A London council has won its appeal against Foxtons using the term “administration fees” in its lettings charges.
Back in 2015 Camden council’s trading standards team undertook enforcement action after establishing that Foxtons was charging an administration fee of £420 for tenants and landlords in its lettings agency work.
The council advised Foxtons about new legal requirements under the Consumer Rights Act 2015, to provide a breakdown of any fees, enabling customers to clearly see the services provided. The company however continued to use the term without undertaking this clarification.
Early last year the council issued four ‘Notices of Intent’, each for the maximum penalty of £5,000, to each branch of Foxtons in Camden borough for using the term without the required clarification.

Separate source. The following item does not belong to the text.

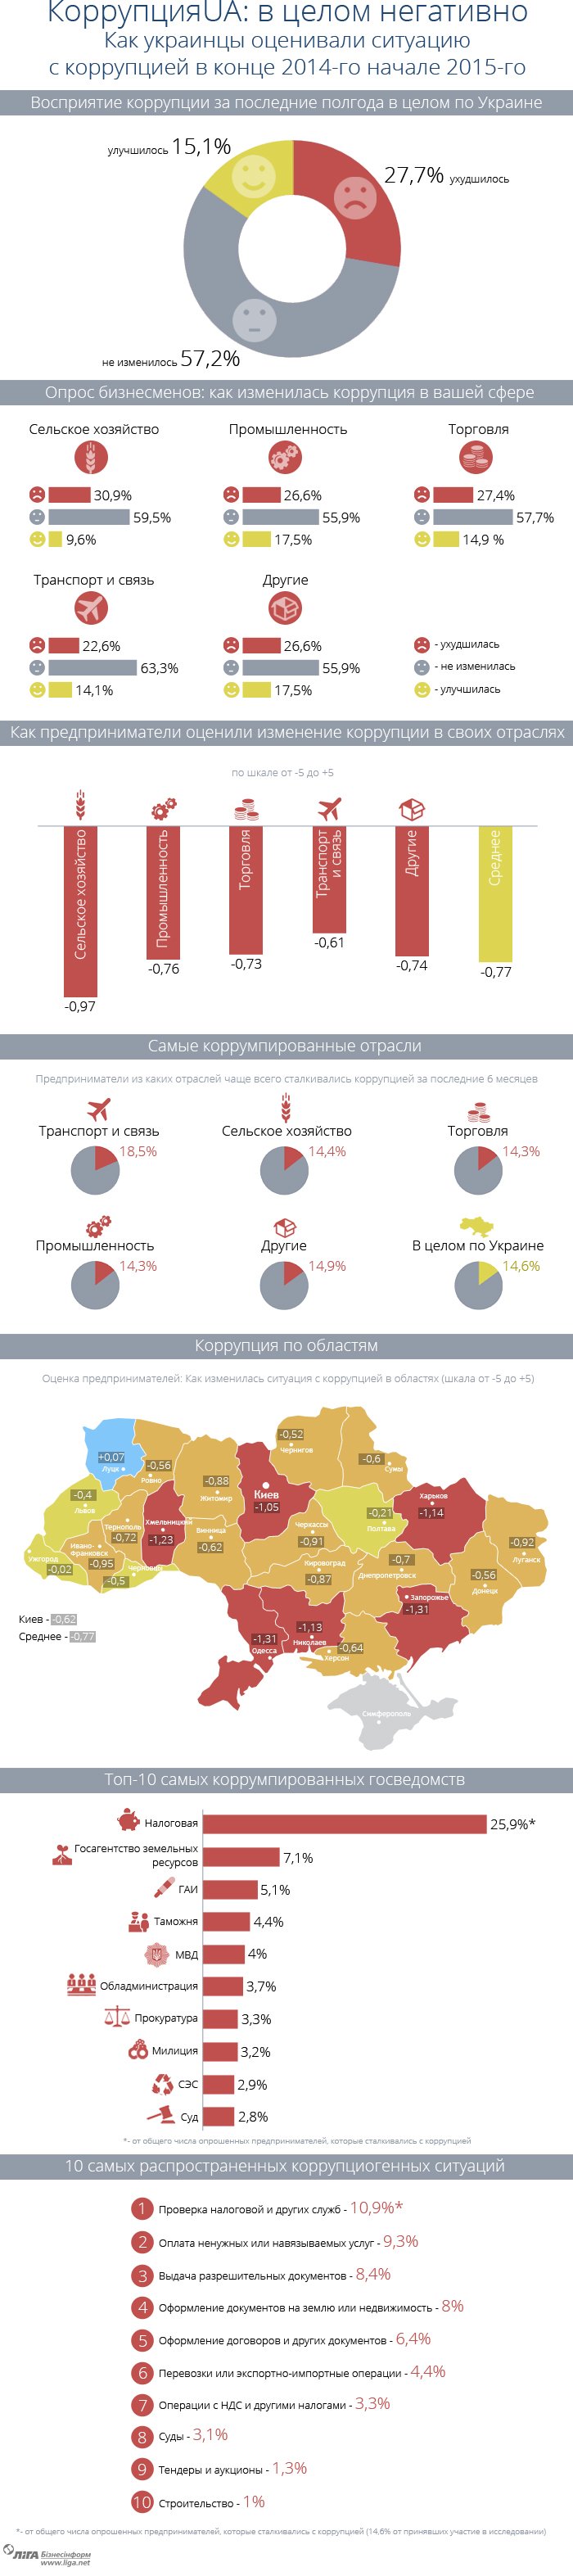 Антикоррупционный провал в Украине: бизнес не заметили уменьшения взяток. ИНФОГРАФИКА (фото) - фото 1

The company responded that it had subsequently modified their literature to explain that it “can cover” certain services – however it did not explicitly state the breakdown of the fee.

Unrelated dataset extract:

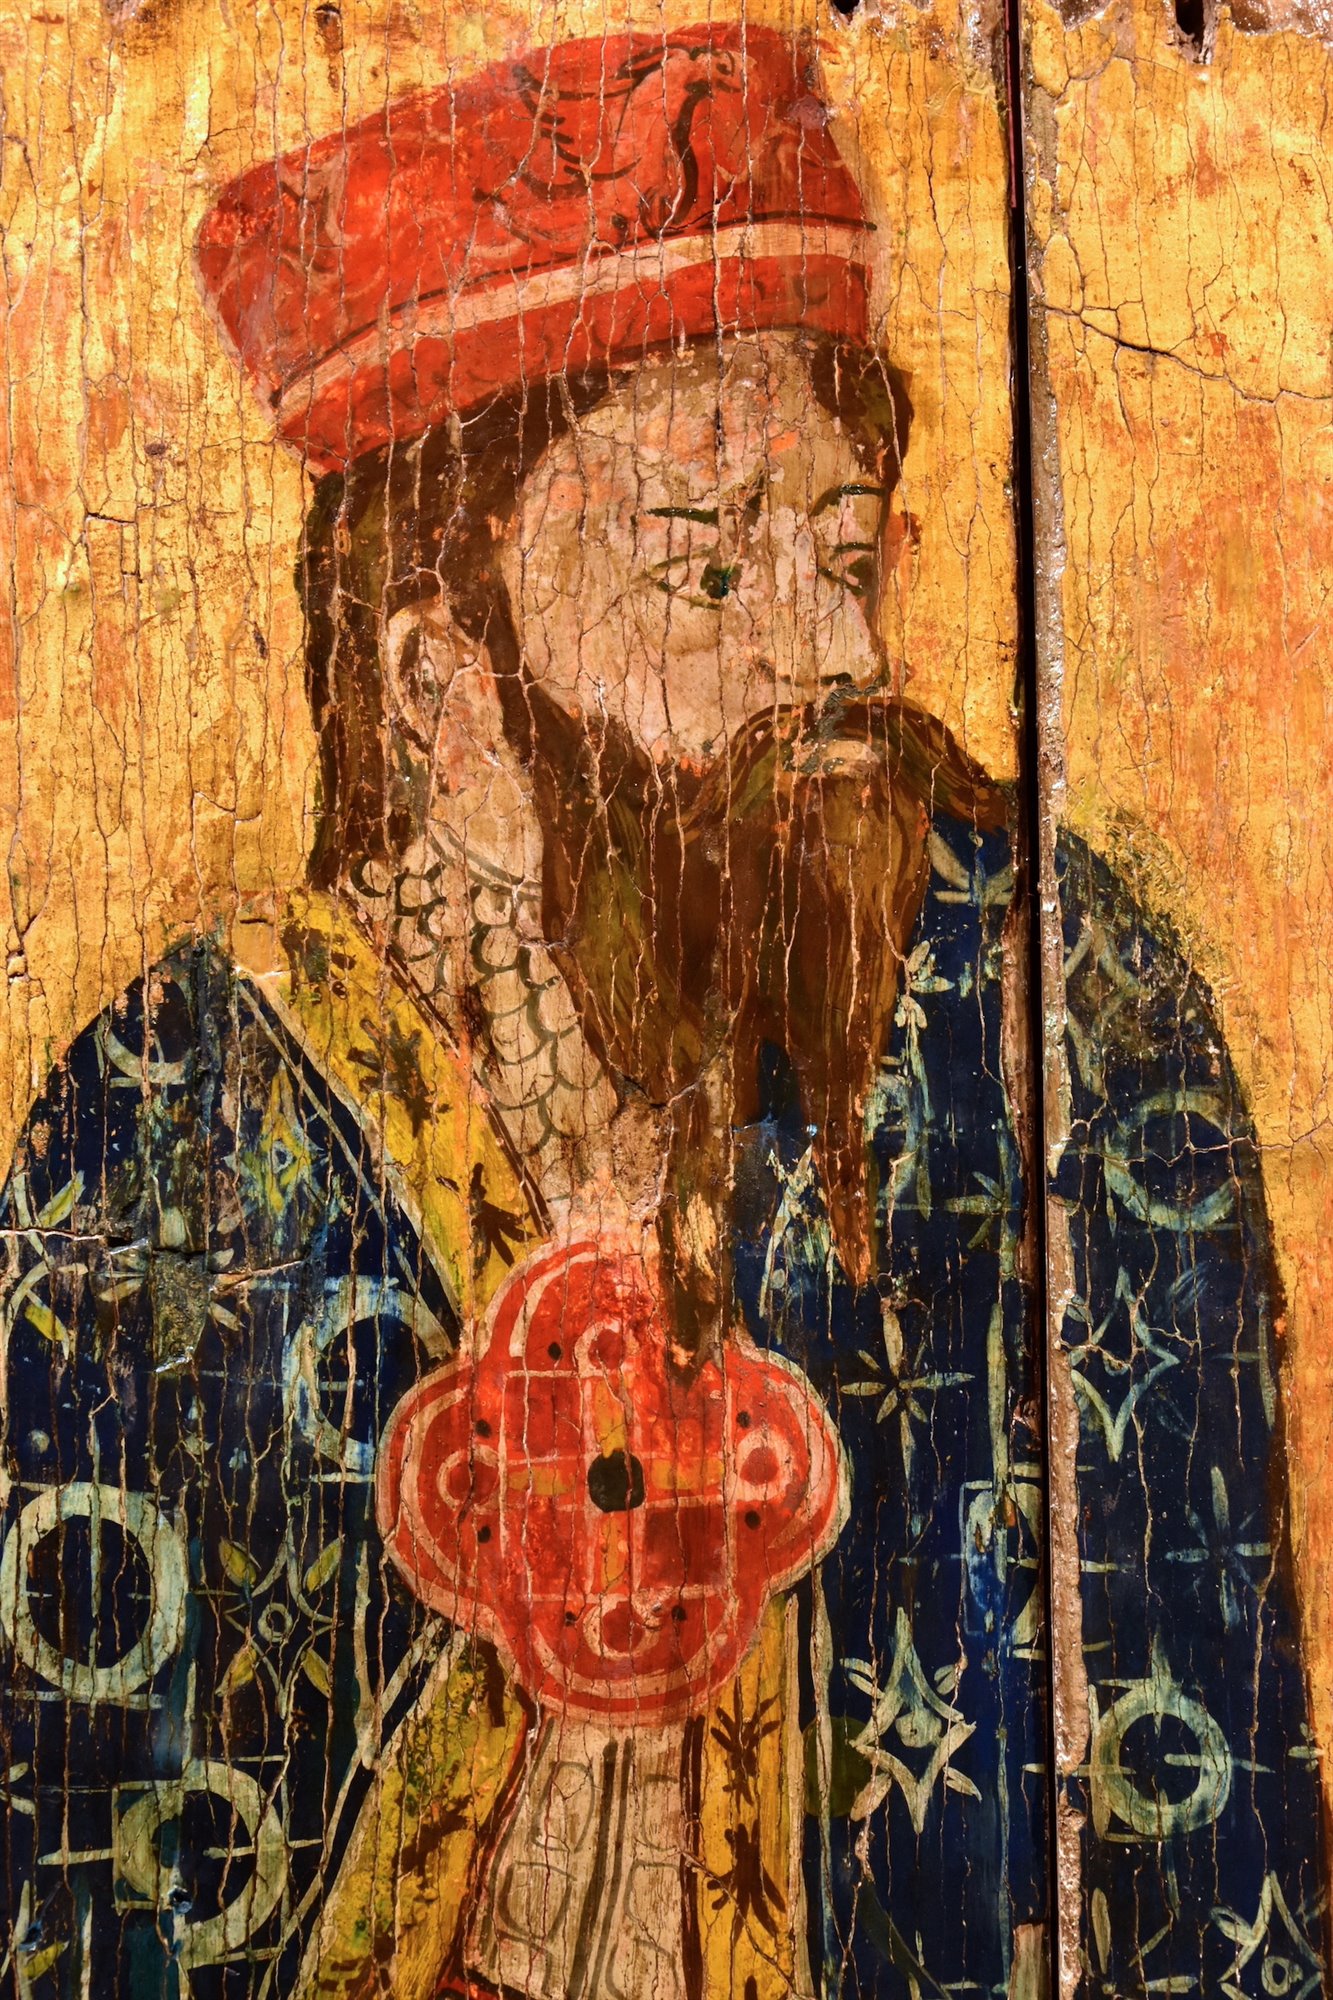 Manfredo IV di Saluzzo come Giuda Maccabeo/ Federico I di Saluzzo come Re Davide

The council considered that this did not provide sufficient clarity and issued four Final Penalty Charge notices in April 2016.
Foxtons appealed those notices in October 2016. It is this appeal which has now been lost by Foxtons and won by Camden council.

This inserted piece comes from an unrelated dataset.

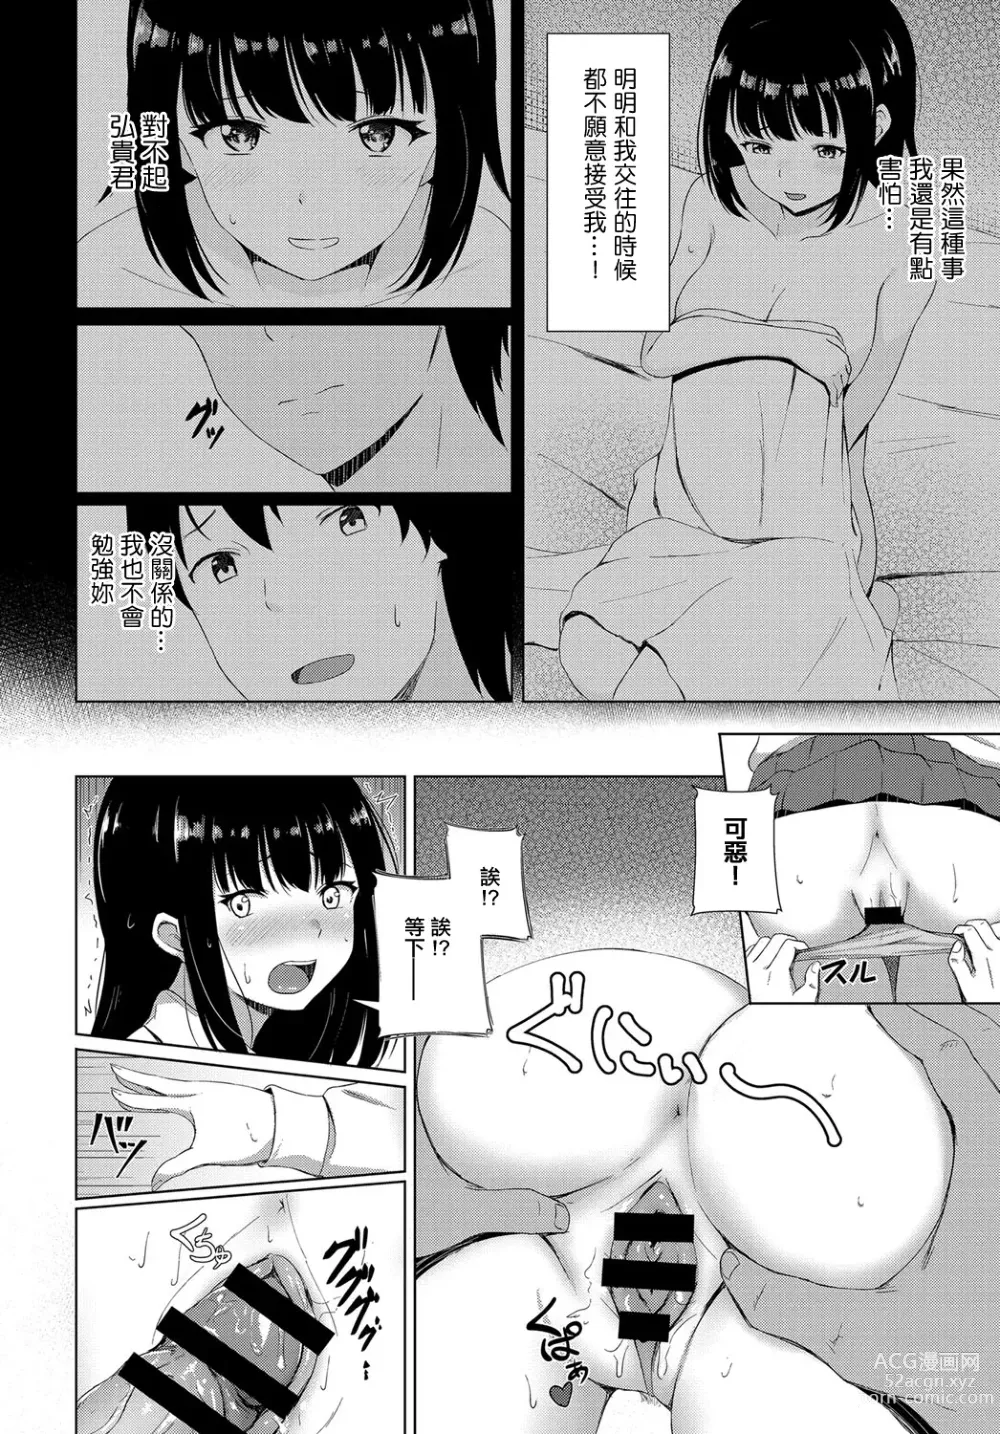 Page 10 of manga Zankyou

“We are delighted with this judgment as it has clarified what letting agents must do when publicising their fees. Because of our successful appeal, customers can now fully understand what they are liable for and make informed choices and proper comparisons with other letting agents about the fees charged” says a council spokesman.
“This judgment also gives clarity to trading standards officers nationally when enforcing fees and by assisting to ensure the market place is consistent for all letting agents and their prospective clients” she continues.
The council says it challenged earlier decisions because Foxtons “administration fees” still did not give an adequate description for the services provided, with it considering that by stating the “administration fee can cover…” did not go far enough.
The penalty charge has been upheld in principle and increased to £4,500 for each breach, totalling £18,000.